Prashant Gupta, assistant food and beverage manager at The Imperial, which brought Michel Husser, insists that the Indian clientele is changing. But, as a diner there points out, most of the guests were visiting Europeans.

Clearly, Indians — and restaurants — are still to take to haute cuisine. For one, quality food demands low occupancy. “Internationally, a top-of-the-line restaurant does not sell one table more than once a night. If the restaurant occupancy is 200, food will be cooked just for 200 people,” says a gourmet.

Reputed and niche restaurants across Europe and US are free standing restaurants, unlike the fine dining notion here, which till recently had been limited to five-star restaurants. But the high capital costs of setting up a top quality joint are daunting, particularly for an entrepreneur who is focused on fine dining. “Fine dining is not a bourgeois pursuit anywhere in the world,” holds Menon.

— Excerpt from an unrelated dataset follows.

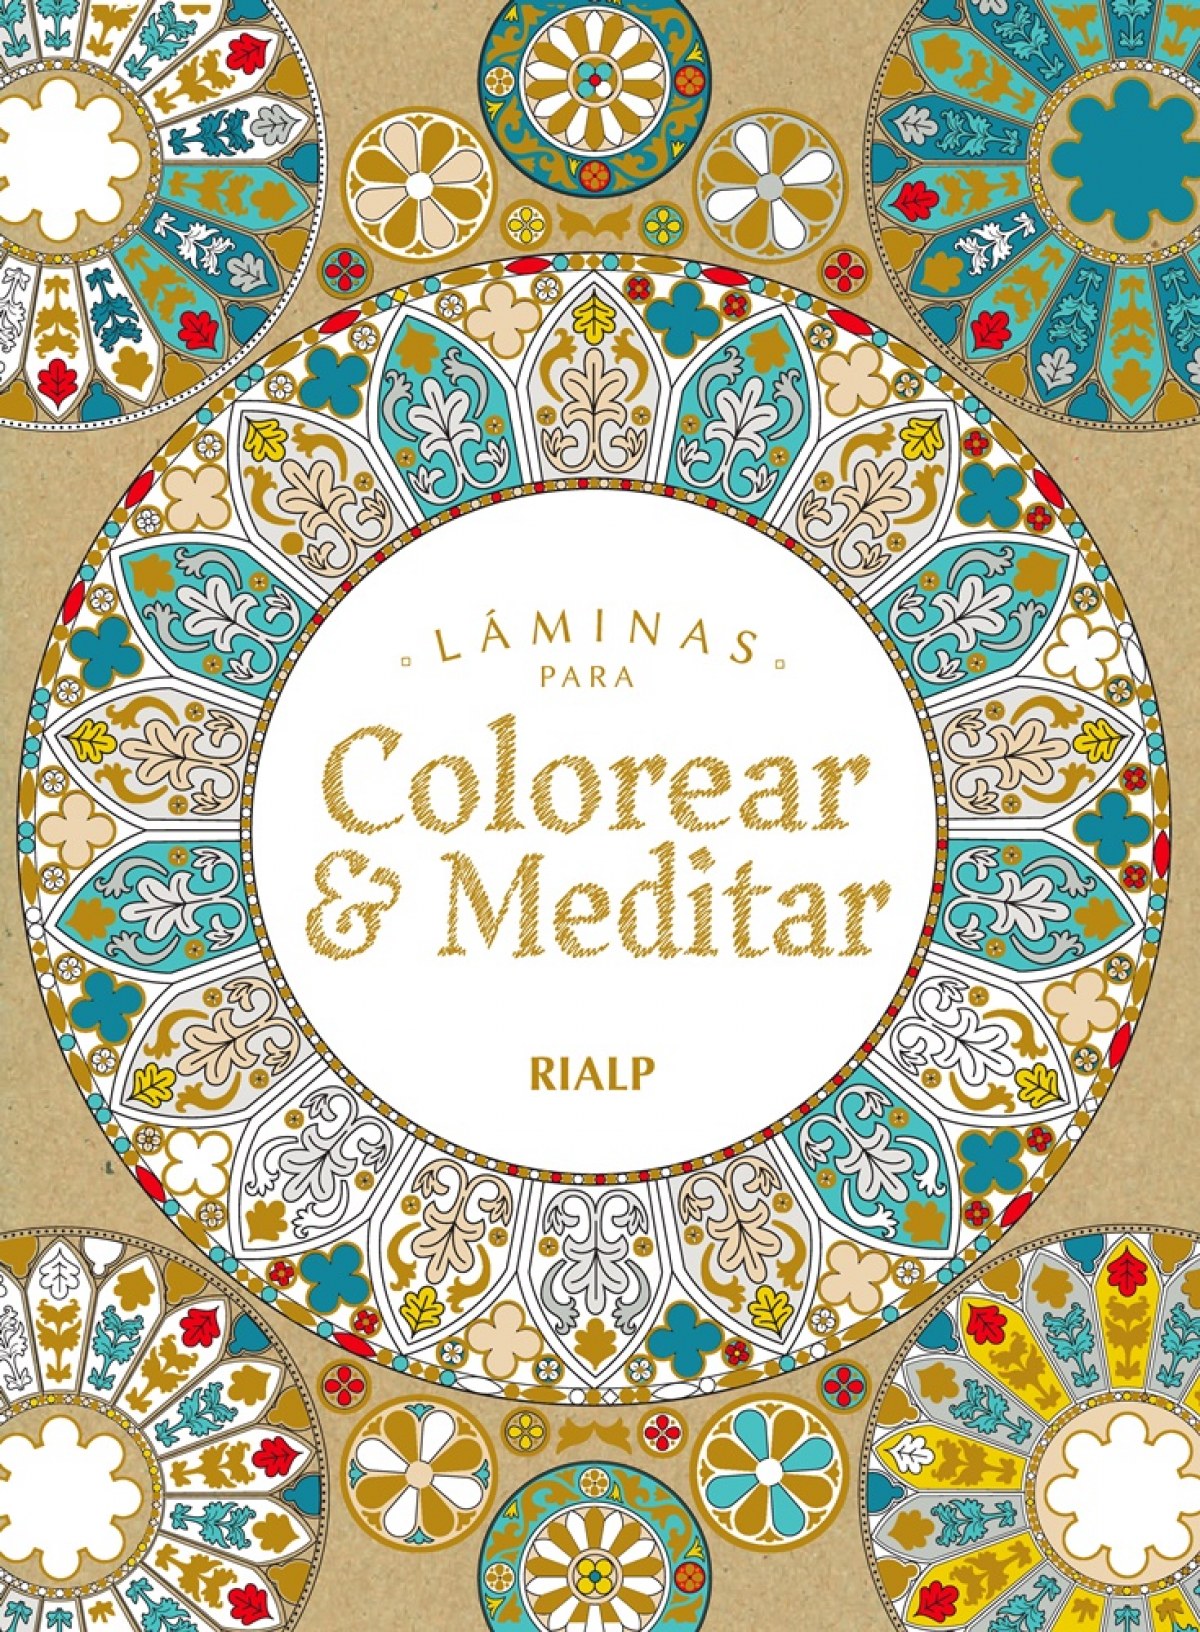 LÁminas para colorear & meditar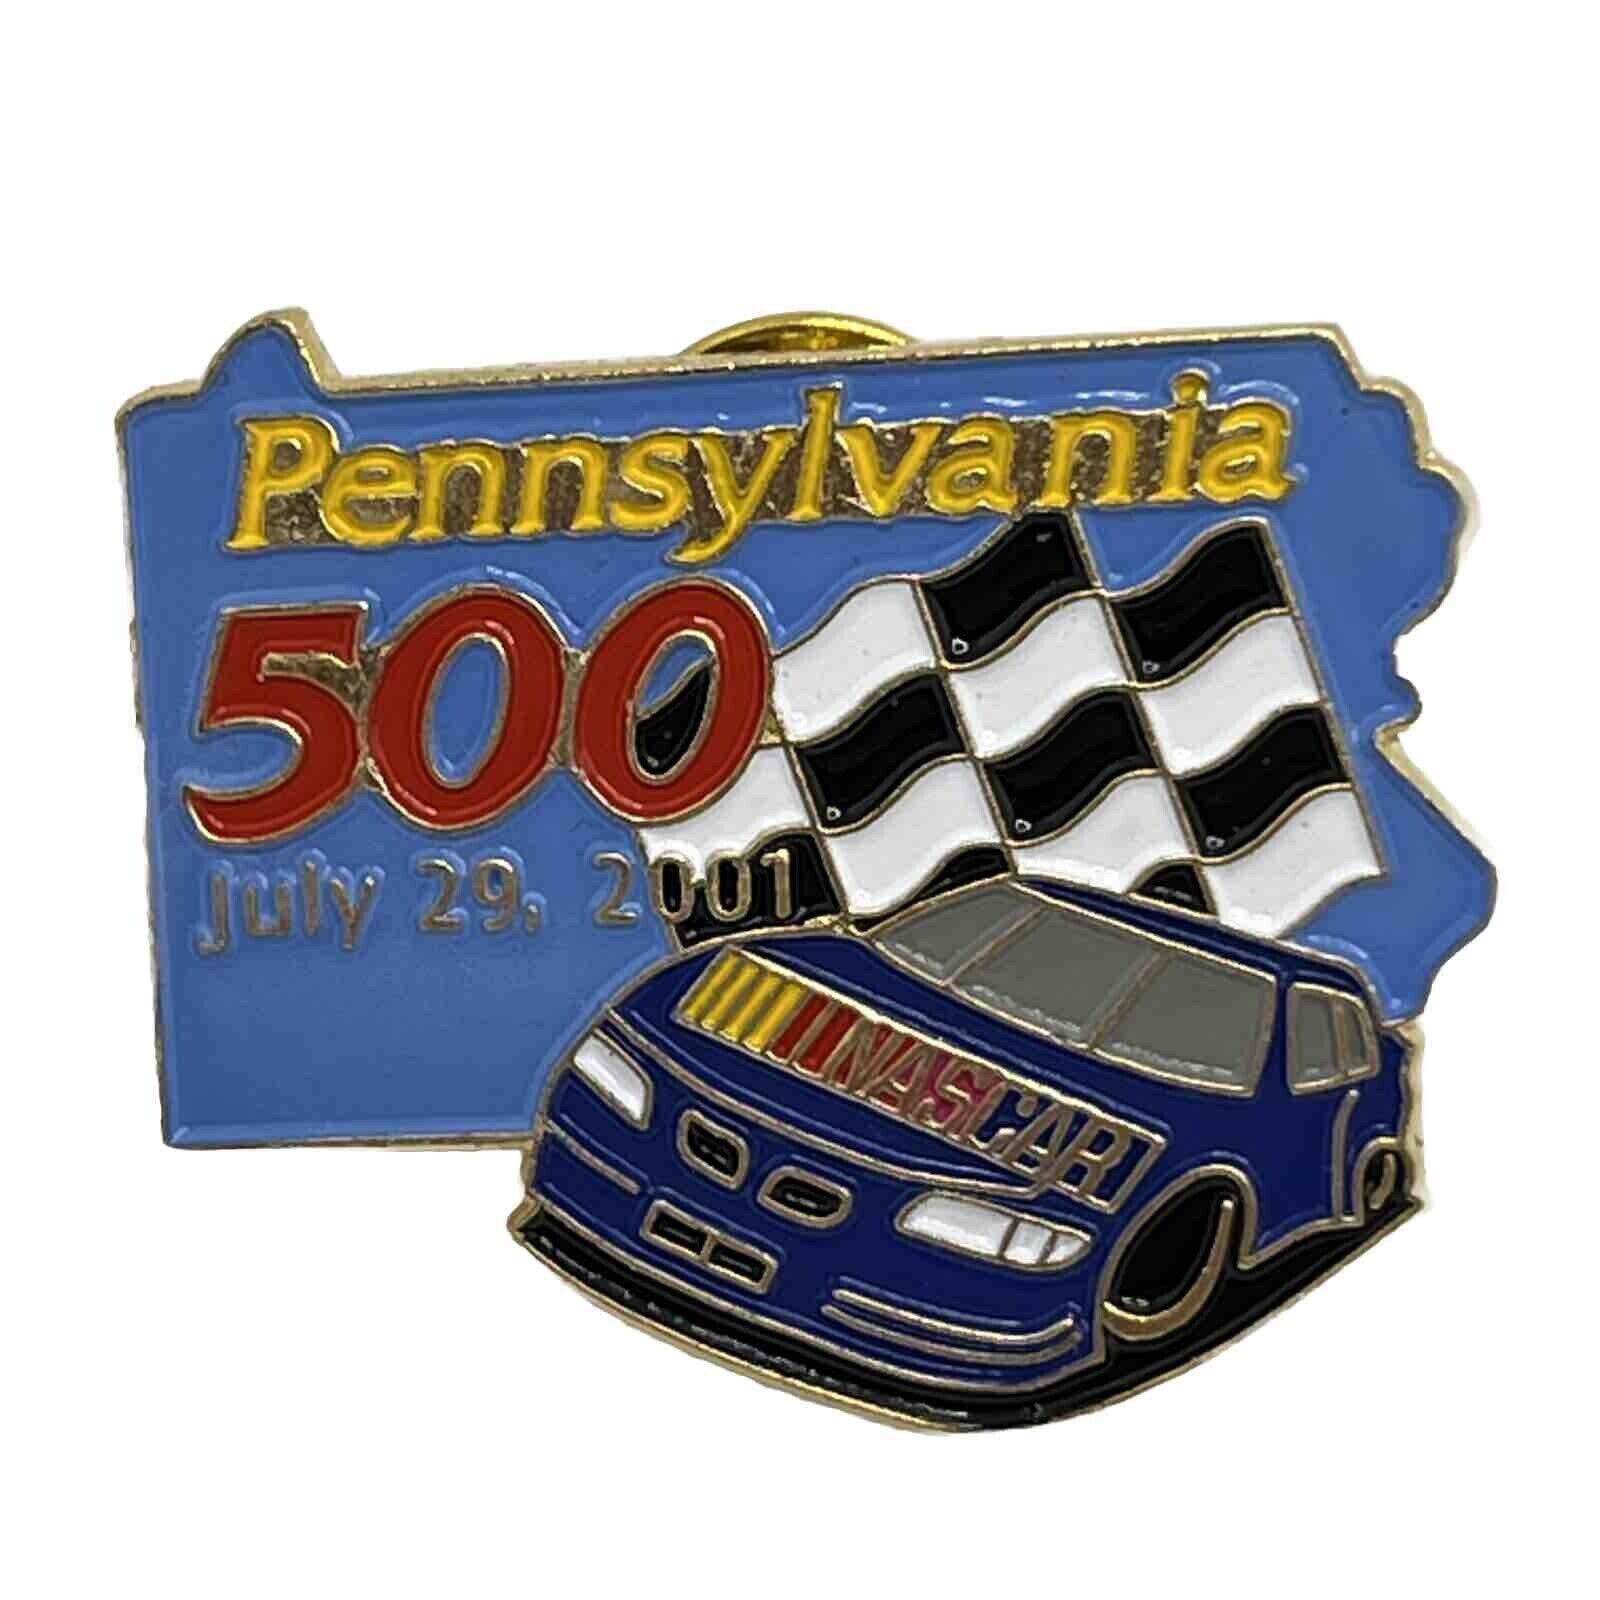 2001 Pennsylvania 500 Pocono Raceway Long Pond NASCAR Race Racing Lapel Hat Pin

There have been changes in recent years. Purchasing power is on the rise, as is travel. “People don’t feel guilty about spending on dining any more,” points out restaurateur A.D. Singh, best known for his Olive Bar and Kitchen restaurants. And Brar holds that with the boom in restaurants, big capital is more readily available now for finer restaurants. Bill Marchetti, the Australian chef who was earlier at ITC, stresses that Indians do enjoy good food.

Ritu Dalmia, who now runs one of Delhi’s most popular Italian restaurants, Diva in Greater Kailash, burnt her fingers in her earlier experiment. Dalmia flagged off her first Italian venture, Mezzaluna, in 1993 but it had to close by 1995. But now, Diva, a similar concept, is doing roaring business.

Yet fine dining in India is still at a nascent stage. Sure, the market for high-end imported food products is surging, with that for imported food products and fruit currently standing at US $1.1 billion per annum. “Farms in Pune and Ooty are now producing excellent lettuce, celery and other English vegetables. Cheese or meat — many such foods are available here,” says Marchetti. But, as Brar points out, “The finest food is about the best and the freshest ingredients,” says Brar. “Though some are available in India now, we still have to source a lot from overseas. So even at the quickest, we get them when they are a week old. I can serve Blue Point oysters but they would be at least three days old when they arrive.”

So India is still a long away from international food standards, though the initiation is through.